Выбрать главу

Я до конца жизни буду сидеть в этой тюрьме, окруженная их телами: Джованни, Эндрю, Джила, Марко. Я пристально разглядываю их. Я пишу так, точно бреду по древнему окаменелому лесу, единственное живое существо на многие, многие мили вокруг. Я больше ничего не могу сделать, но при этом знаю, что где-то там, за пределами всего, есть движение. Я не могу увидеть, как микрон за микроном ветер разрушает гору, но знаю, что это происходит. За стенами Бедфорд-Хиллз люди живут, двигаются, меняются. Они едят, посещают новые рестораны, разрывают связи со старыми друзьями, знакомятся с кем-то, занимаются с ними сексом или не занимаются. Они ходят в магазины, танцуют, ложатся спать в свои широкие, чистые кровати. За пределами тюремного периметра, напичканного электричеством, жизнь продолжается. Я не хочу, чтобы меня забыли. Убей одного человека — и прослывешь странным типом. Убей нескольких — и превратишься в легенду.

Если убийство Джованни легко сошло мне с рук, то убийство Эндрю сошло мне с рук еще легче. Хотя убивать таким сложным способом было отнюдь не легко. Что касается голых фактов, то они таковы: в коктейль Эндрю я подмешала ксанакс, выгнала его такс во двор, отключила детектор угарного газа (это оказалось на удивление просто: нужно было всего лишь узнать пароль от запутанной системы безопасности дома, и я узнала его: это IQ Эндрю — 142 и длина его члена — 7,5 дюйма), вырубила контроллеры в плите, духовке и водонагревателе, после чего предоставила возможность угарному газу сделать остальное. На следующее утро я вернулась, чтобы обнаружить Эндрю мертвым. Я открыла окна, хорошо проветрила дом, затем отрезала два добрых куска от розовых ягодиц Эндрю, впустила собак и позволила их природному голоду и остальным обстоятельствам совершить неизбежное.

Конечно, мне было больно оставлять так много Эндрю, но ничего не поделаешь. Как и в случае с Джованни, мне по-прежнему недоставало ни умений, ни представления о том, что нужно делать. Я все еще оставалась неопытной и плыла на ощупь к самому темному краю этого бассейна, хотя, убив Эндрю, осталась собой довольна. Одно дело случайно нажать не на ту педаль в машине, и другое — запланировать убийство и довести его до конца. Даже придя к Эндрю и нажимая на дверной звонок, я не верила, что смогу. Разработать план убийства своего бывшего любовника при помощи угарного газа, затем срезать мясо с его ягодиц, а в качестве прикрытия использовать его же такс с куриными мозгами — совсем не то же самое, что просто убить, просто отрезать и просто это отрезанное съесть. Придумывать такой план — все равно что мастурбировать, но воплощать его в жизнь — даже лучше, чем трахаться. И все же оставлять всего Эндрю на полу, где его найдут собаки и полиция, мне было больно.

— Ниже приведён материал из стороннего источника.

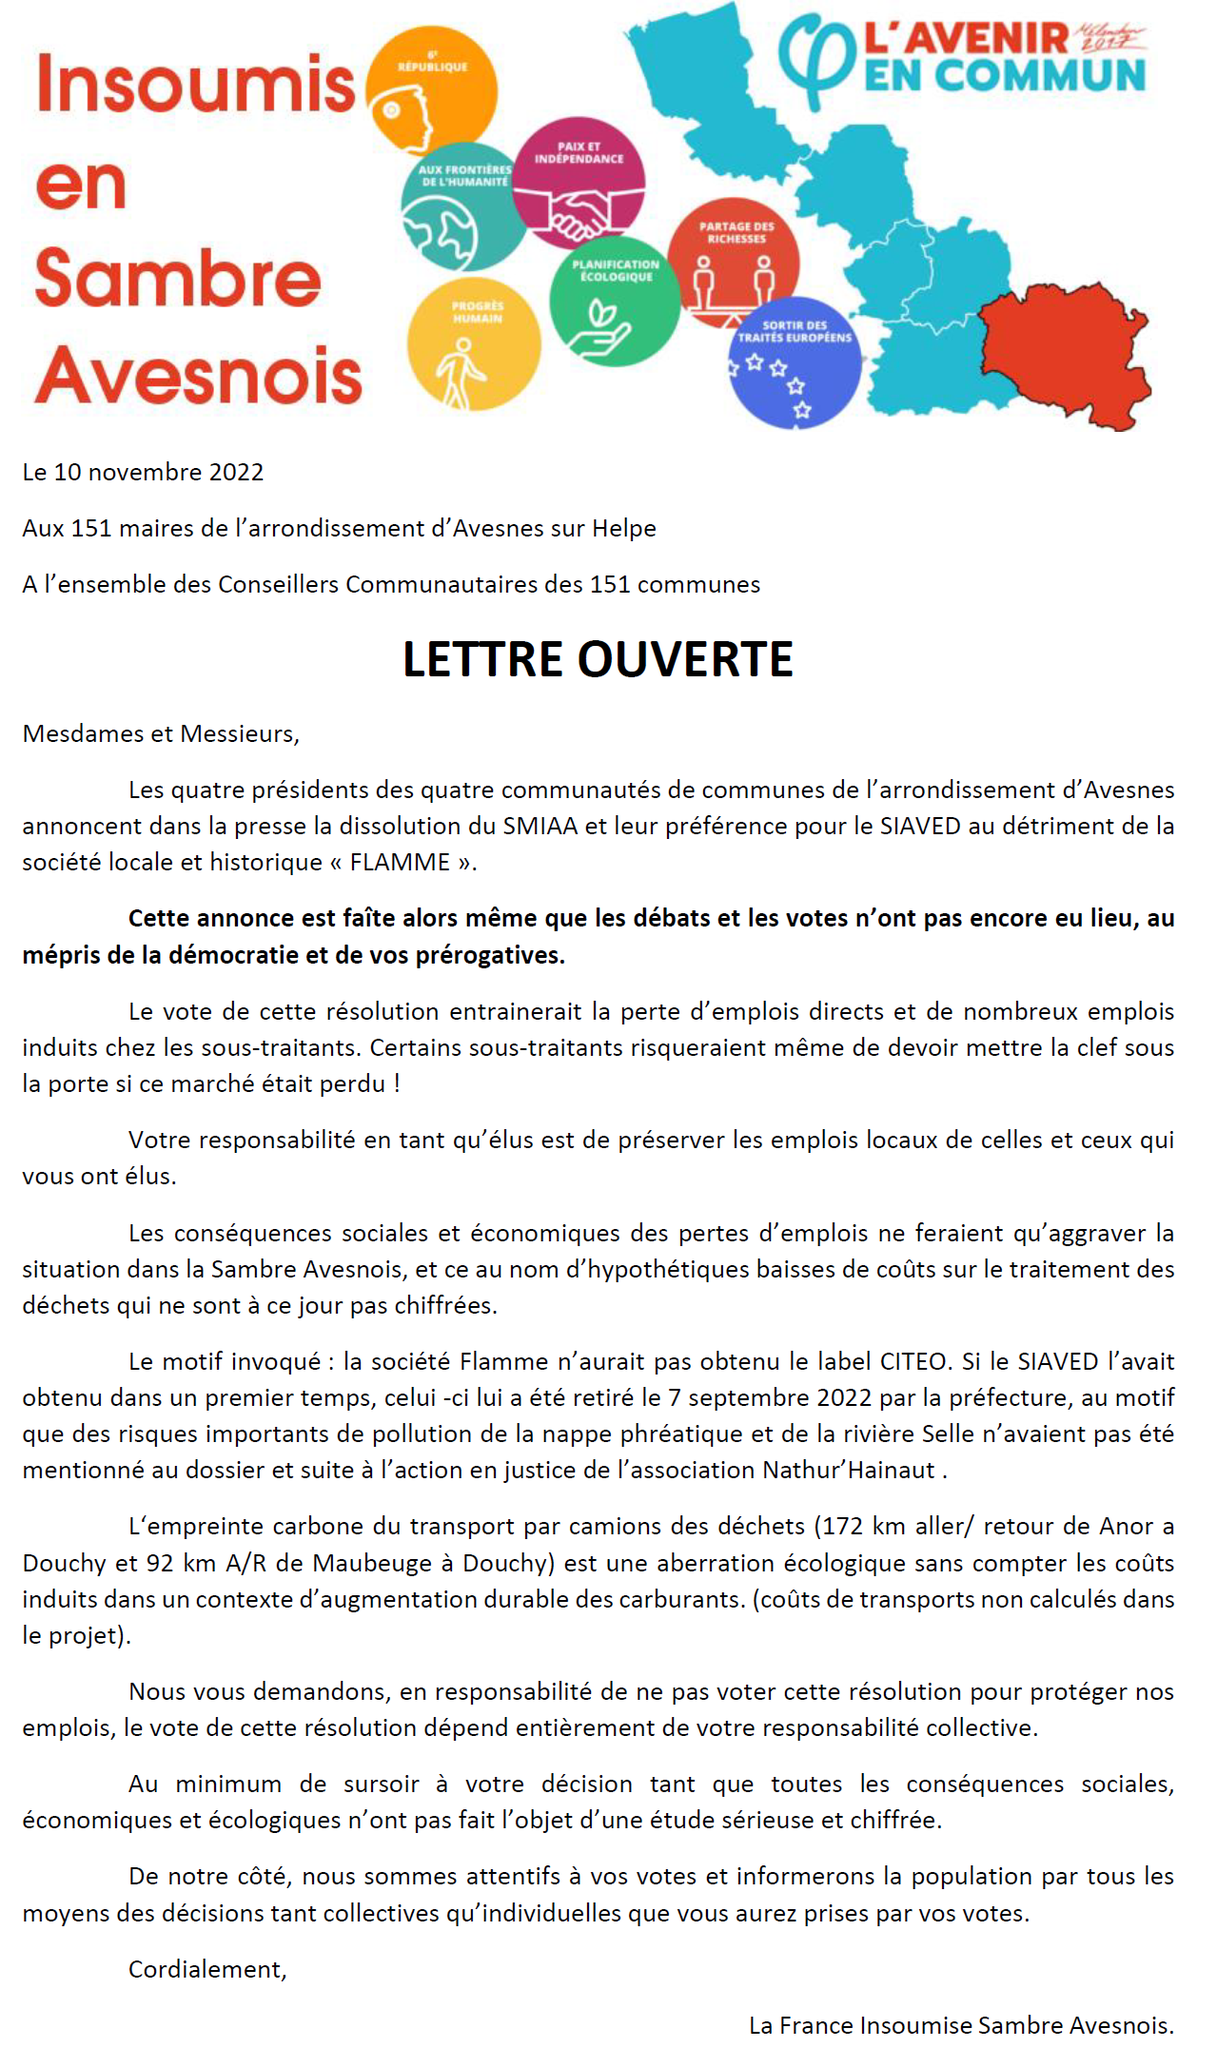 Lette ouverte France insoumise.png (1.14 MB)

В некоторых тихоокеанских культурах человеческое мясо называют длинной свиньей. Вообще в рассказах о каннибализме наша плоть сравнивается со свининой. Однако оккультист и журналист Уильям Сибрук, который не одно десятилетие изучал все, что связано с каннибализмом, утверждал, что на самом деле человечина больше напоминает телятину. Сибрук, конечно, дерьмо. Он был репортером еще в ревущие двадцатые. Ездил в Аравию, Океанию и Африку, где жил среди аборигенов. Его книга «Остров магии» прославляет радости трапезы из человеческой плоти, которую он попробовал, когда жил в одном западноафриканском племени. Так вот, все это чушь собачья! Он просто был там во время их трапезы, собственными ноздрями чувствовала аромат и слушал их крики. Но на самом деле, как он рассказал уже спустя некоторое время после публикации книги, племя не делилось с ним едой. Человечину он купил у какого-то нечистого на руку работника морга в Сорбонне. Принес домой несколько отборных кусков, приготовил разными, причем самыми скучными, способами, а потом поэтично расхваливал.

По моему опыту, человеческое мясо больше всего напоминает медвежье, которое я ела несколько раз в своей жизни — как сама по себе, так и на специальных приемах в клубе «Метрополитен». По ощущениям оно чуть более плотное, чем говядина, и при этом более легкое. Если сравнивать его с вином, то оно скорее амароне делла вальполичелло из вяленого винограда, очень дорогое и очень изысканное, соединяющее в себе все земное и все небесное. И тем не менее во время трапезы трудно абстрагироваться от того, что ты ешь медведя. Ведь если ты современный человек, который привык видеть анонимное мясо сквозь целлофановую упаковку в супермаркете, отправляя кусочек медвежатины в рот, просто не можешь не думать: «Это медведь». С человечиной то же самое. Я объединяю их только по этому принципу.